- Kodiak Robotics makes self-driving trucks, and the latest invention is a Class 8 autonomous electric truck.
- The upfitted Peterbilt Model 579EV electric truck comes with Kodiak Driver, the company’s proprietary self-driving technology.
- Kodiak Robotics’ autonomous trucks are already used for deliveries with IKEA and Tyson Foods.
Back in May, self-driving truck company Kodiak Robotics introduced an exciting new entry in the electric mobility sphere at the 2023 Advanced Clean Transportation (ACT) Expo. There, industry insiders got to see Kodiak’s industry-first autonomous Class 8 truck that is, of course, fully electric and comes equipped with the latest SAE Level 4 automated-driving system, dubbed the Kodiak Driver.
Kodiak Driver: A Potential Game-Changer
In a vehicle walkaround at the Expo, Michael Wiesinger, VP of commercialization for Kodiak Robotics, proudly presented the Kodiak Driver – the heart and brains of the revolutionary truck. Upfitted on a Peterbilt Model 579EV electric truck, the Kodiak Driver features the latest SAE Level 4 automated-driving system. The 579EV is Kodiak’s second vehicle platform upfitted with the fifth-generation sensor stack, which is already integrated on Kenworth T680 diesel-powered trucks in their fleet.
The key highlight of the Kodiak Driver is its adaptability. According to Wiesinger, the system is vehicle- and powertrain-agnostic, which means it can be integrated into various sustainable vehicle platforms, including hydrogen fuel-cell trucks, as they enter the market.
Enhanced Sensors Throughout
One standout feature of the latest-generation Kodiak Driver is the elimination of the roof-mounted “center pod” sensor suite. In its place, Kodiak opted for mirror-mounted SensorPods on each side of the truck, giving it a sleeker and more aerodynamic look. This change not only enhances perception capability but also makes maintenance easier for fleet operators.
The sensors are now placed at the driver’s line of sight, which helps with effectiveness. In addition, relocating the sensors to the sides of the truck provides redundancy and a wider field of view for long-range lidar coverage.

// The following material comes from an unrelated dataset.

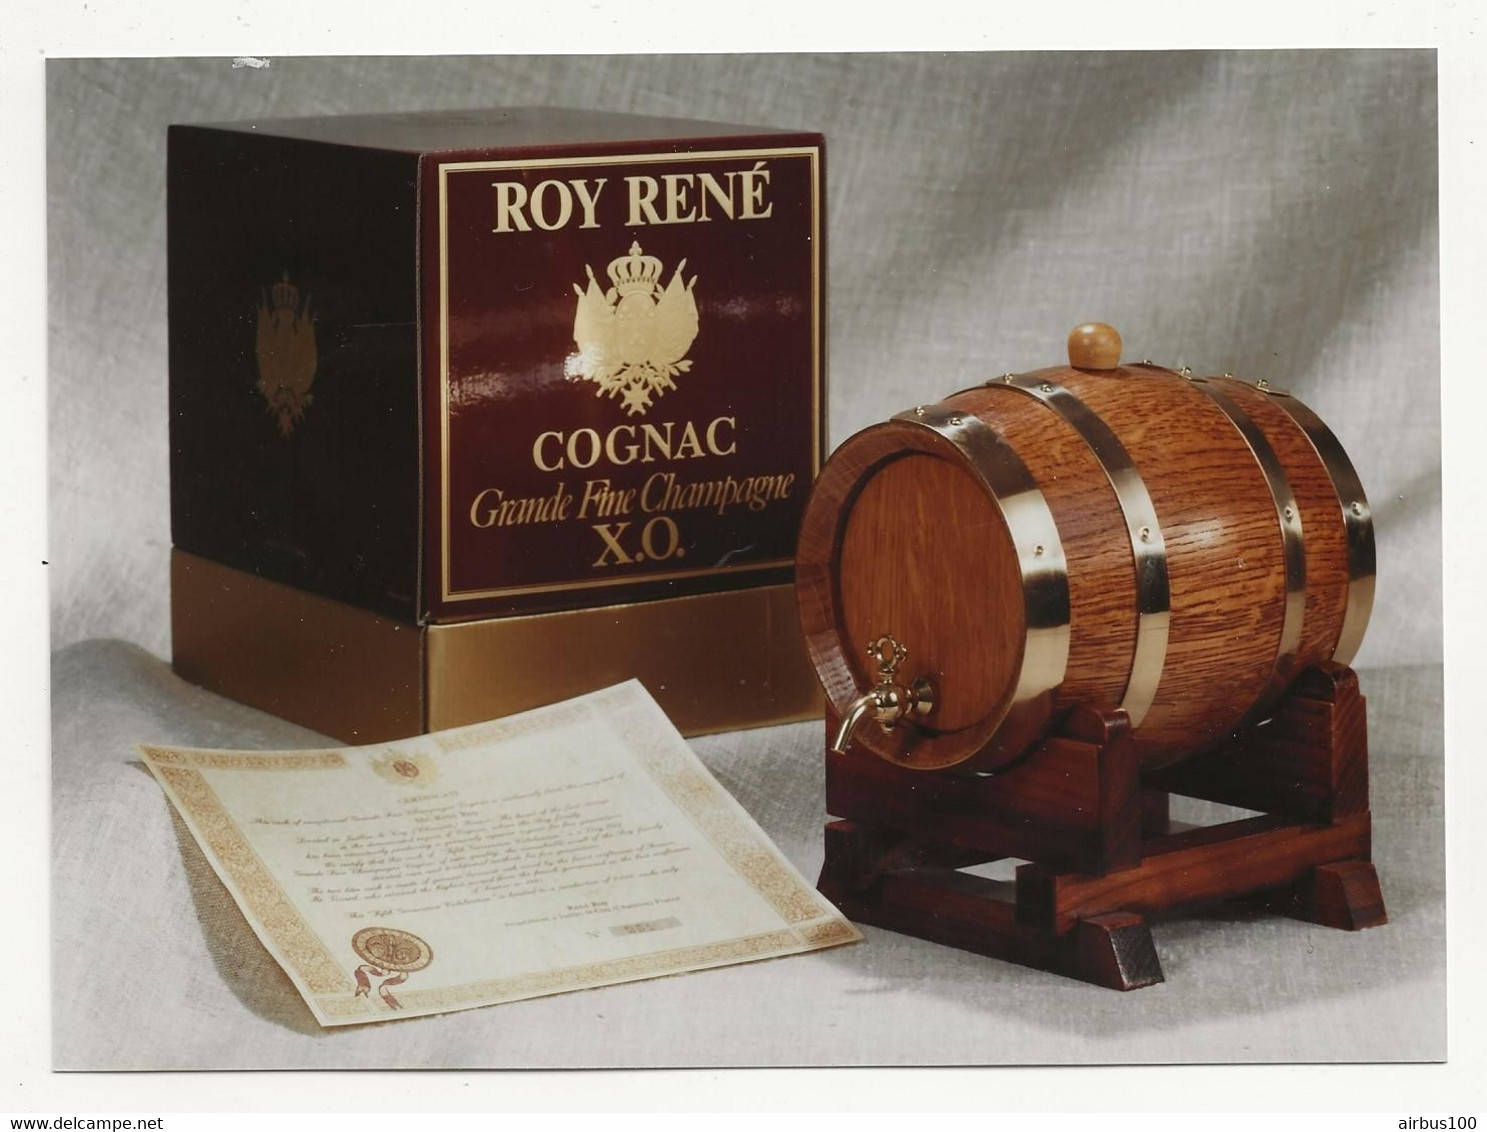 PHOTO ORIGINALE MARKETING 1980 - COGNAC RENÉ ROY JUILLAC LE COQ GRANDE FINE CHAMPAGNE X.O. - CHARENTE - Alcoolici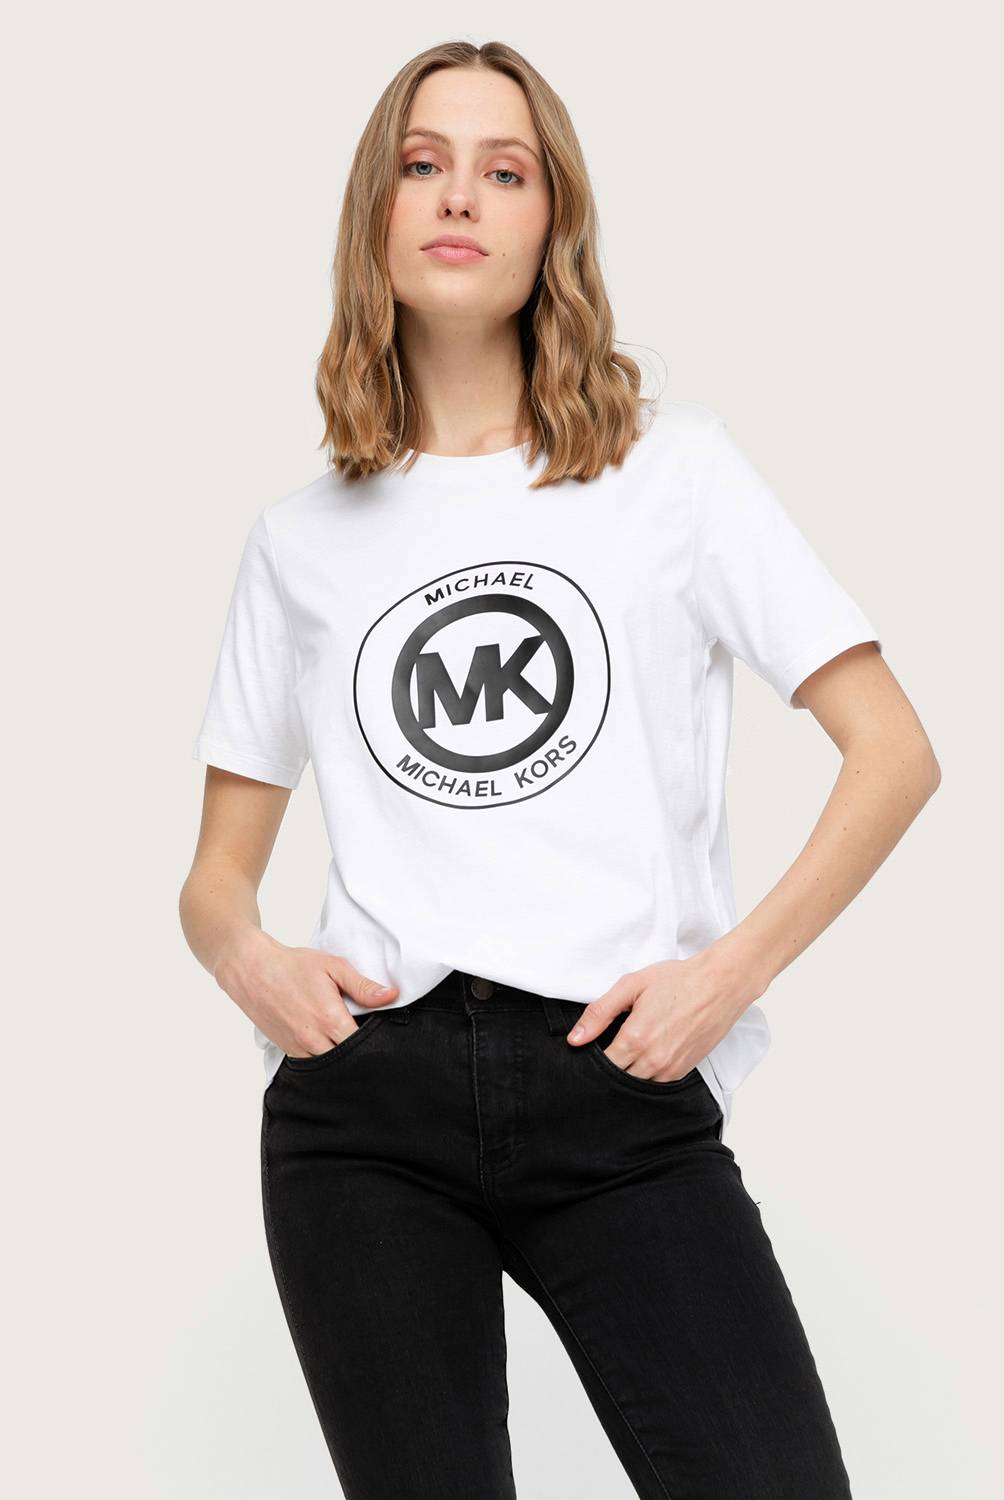 MICHAEL KORS - Michael Kors Polera Logo Mujer

The move also simplifies the build process, making the integration of the Kodiak Driver more cost-effective for truck manufacturers.
The Kodiak Driver platform also boasts a robust sensor array, increasing the total number of onboard sensors to 18, including new lidar and camera additions. These sensors include four ZF Full Range Radars, two Hesai 360-degree scanning lidars, two Luminar Iris lidar sensors, and eight cameras with wide and narrow field-of-views.
The Ambarella CV2 perception system-on-chip further enhances image quality for longer-range detections and improves dynamic range for nighttime driving.
Delivering Freight Autonomously
Kodiak’s autonomous-equipped trucks are already hard at work delivering freight for renowned customers like IKEA and Tyson Foods. Operating autonomously on highway routes, these trucks have accumulated over 115,000 miles of safe operation for IKEA, setting new standards for efficiency and reliability in freight transportation.
The future of Kodiak Robotics lies not only in deploying its autonomous trucks but also in integrating its system onto other trucks. Wiesinger emphasized the potential for expanding beyond long-haul trucking, expressing aspirations for global market presence.
Defense and Beyond
Kodiak Robotics is also making waves in defense as well, with a $49.9 million agreement from the U.S. Department of Defense. Under this agreement, the company will work on automating future U.S. Army ground vehicles, including reconnaissance, surveillance, and high-risk missions. The award positions Kodiak as a key player in the development of autonomous off-road vehicles, capable of operating remotely in complex and unpredictable conditions.